PROMPT — What are the lines below, starting at the line containing "パワポで簡単!図形の結合活用術で商品画像もきれいに切り抜き" and ending at the line containing "8天7夜环岛中文导游精品团|冬季来冰岛追极光,雷克雅未克出发,圣诞新年春节多个日期 - day"? Write them out exactly, ends included, without pictures.

DATA FOR REVIEW —
**********
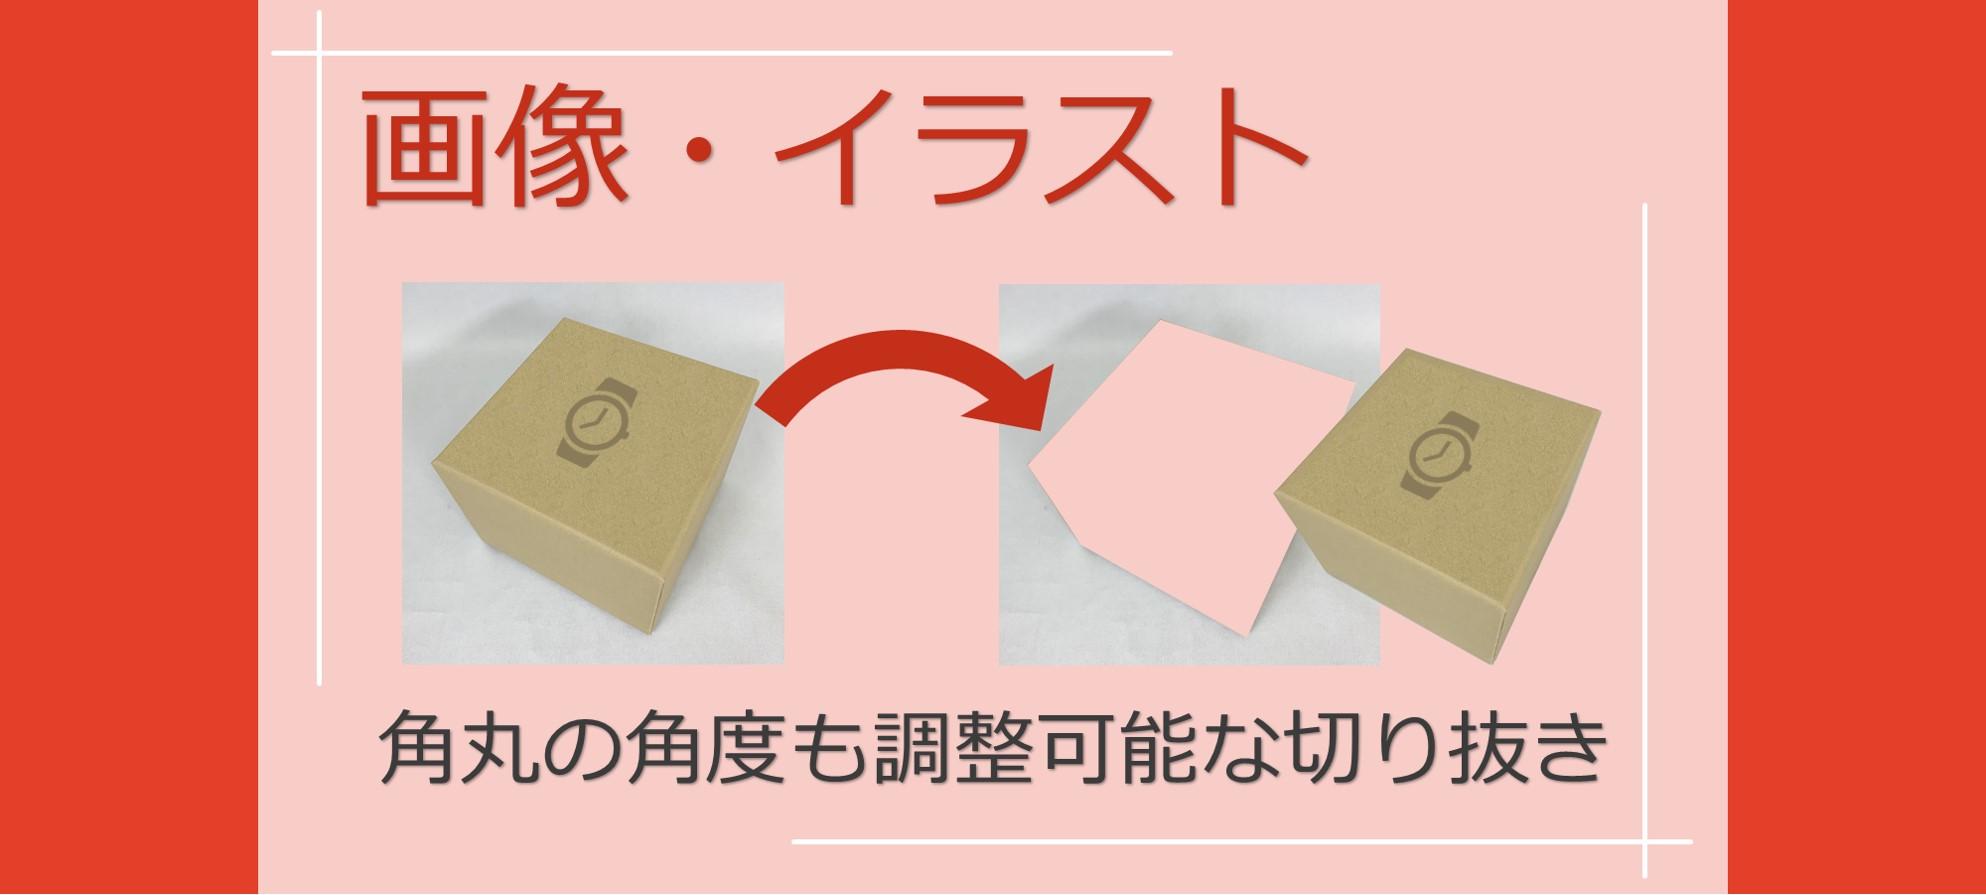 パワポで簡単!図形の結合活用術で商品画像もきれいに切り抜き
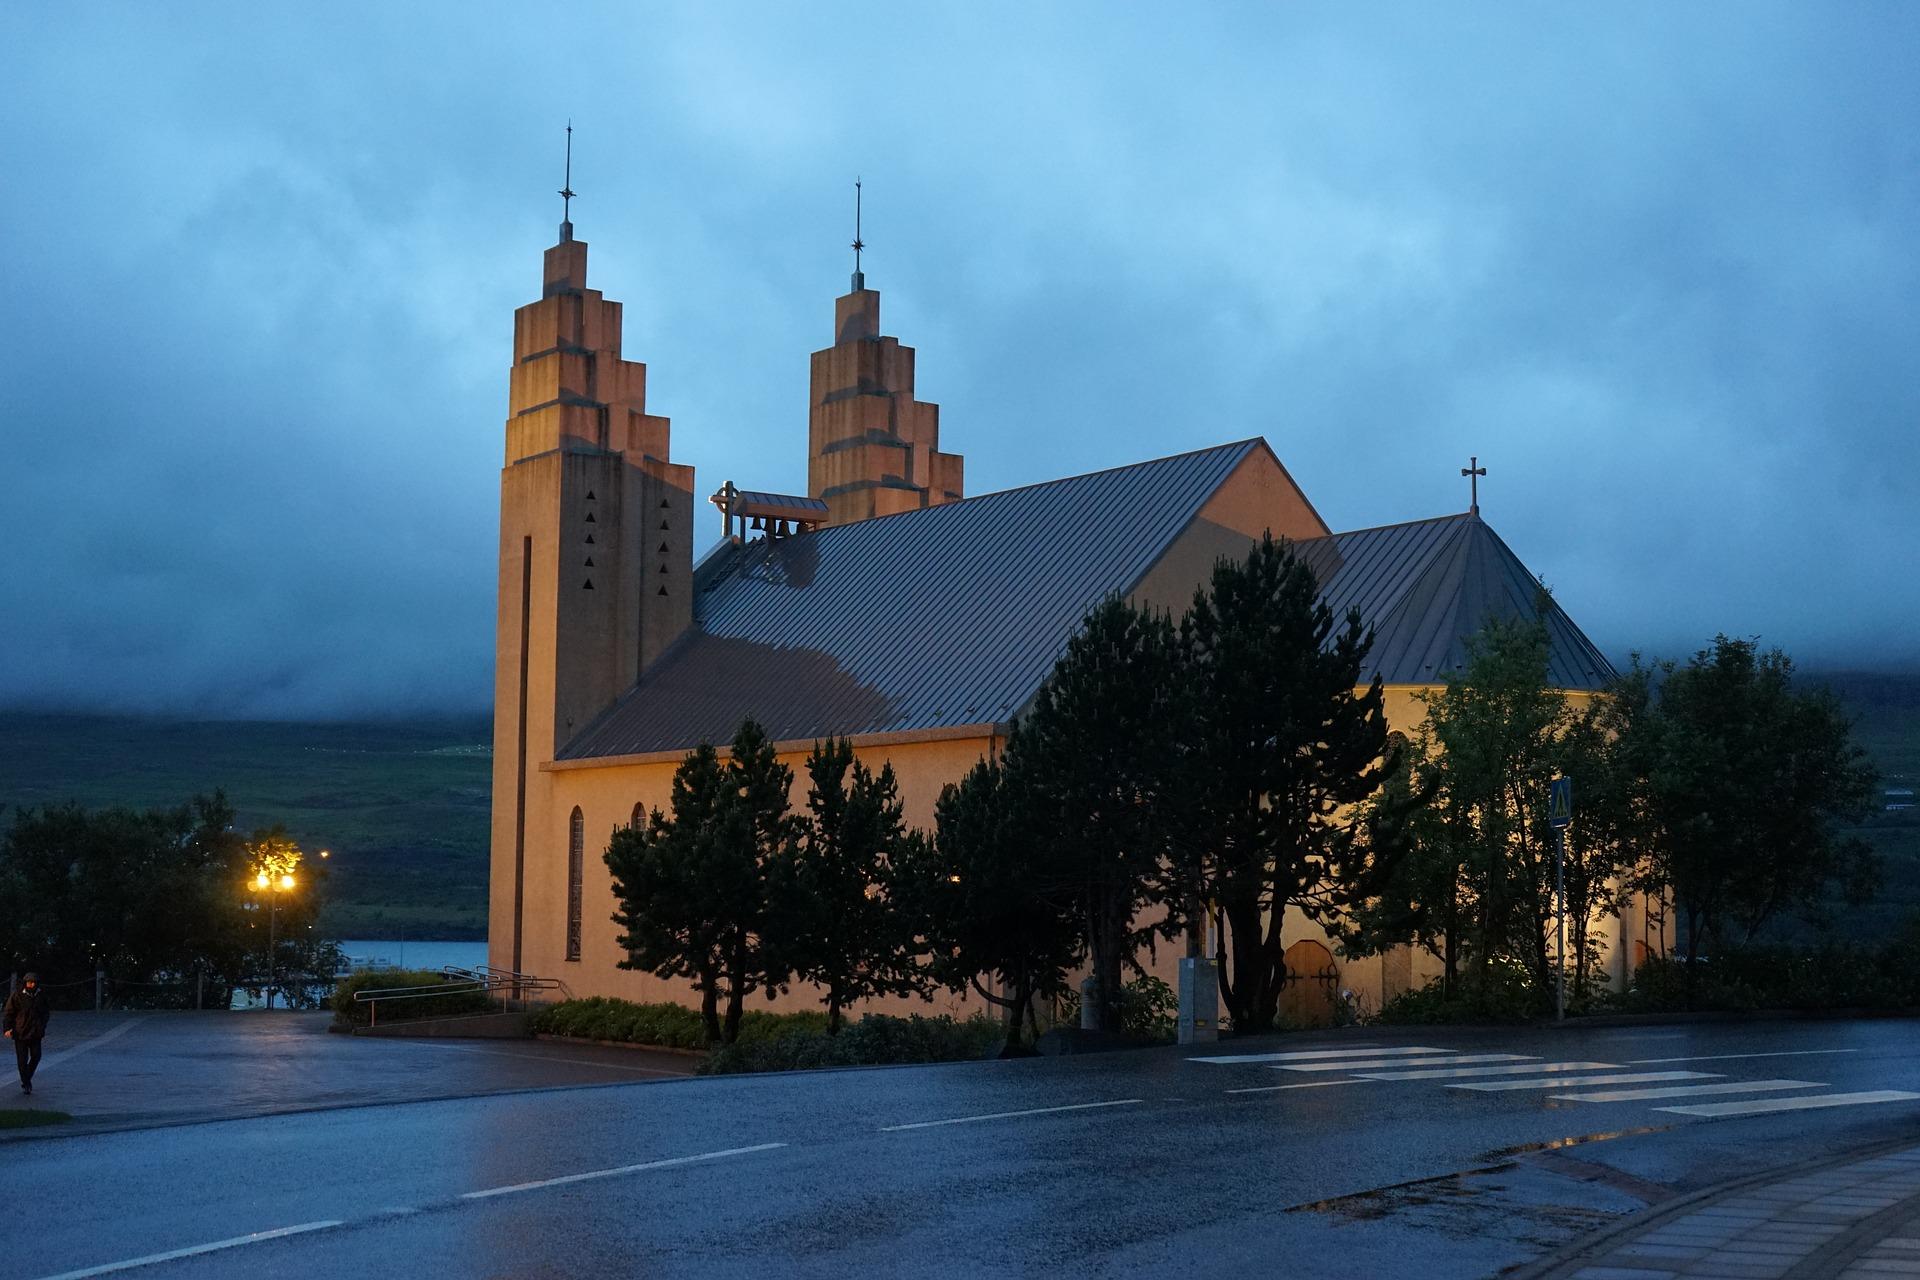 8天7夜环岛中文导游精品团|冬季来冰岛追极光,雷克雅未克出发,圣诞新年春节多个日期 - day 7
**********
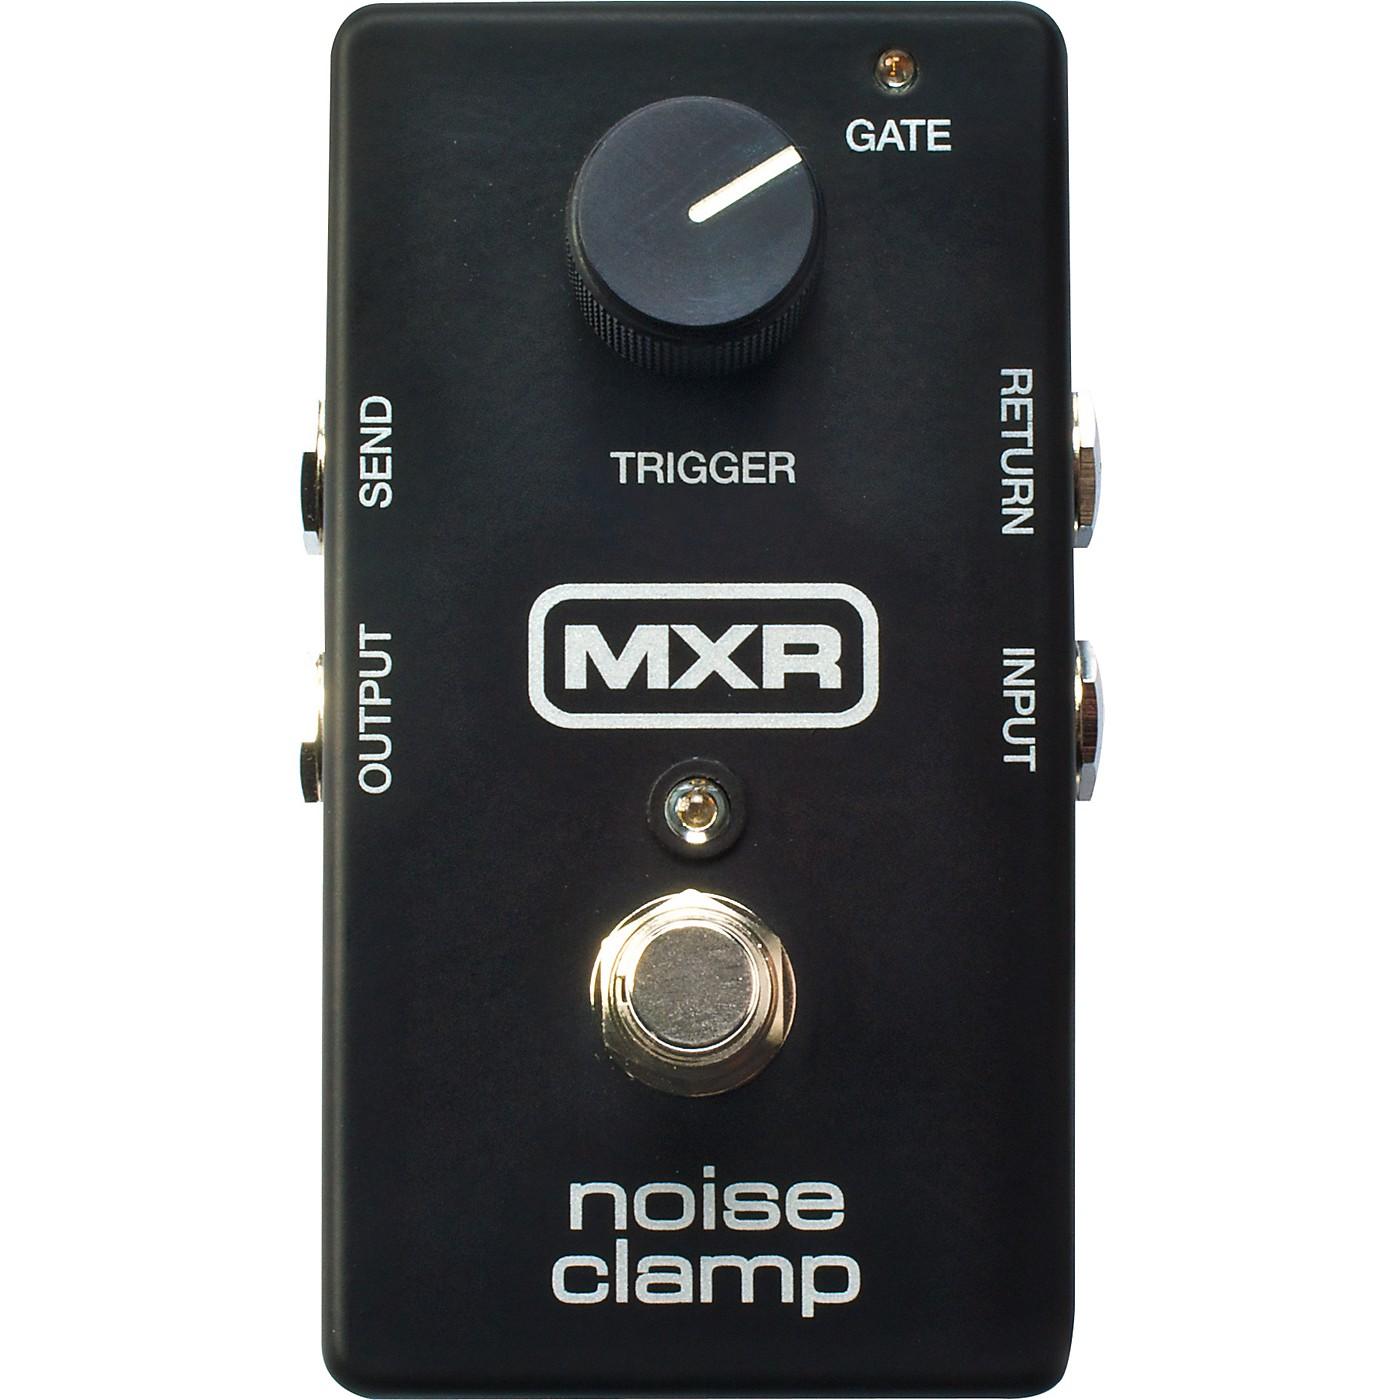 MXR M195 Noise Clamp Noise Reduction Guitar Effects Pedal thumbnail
**********
TASK SOLUTION —
 パワポで簡単!図形の結合活用術で商品画像もきれいに切り抜き
 8天7夜环岛中文导游精品团|冬季来冰岛追极光,雷克雅未克出发,圣诞新年春节多个日期 - day 7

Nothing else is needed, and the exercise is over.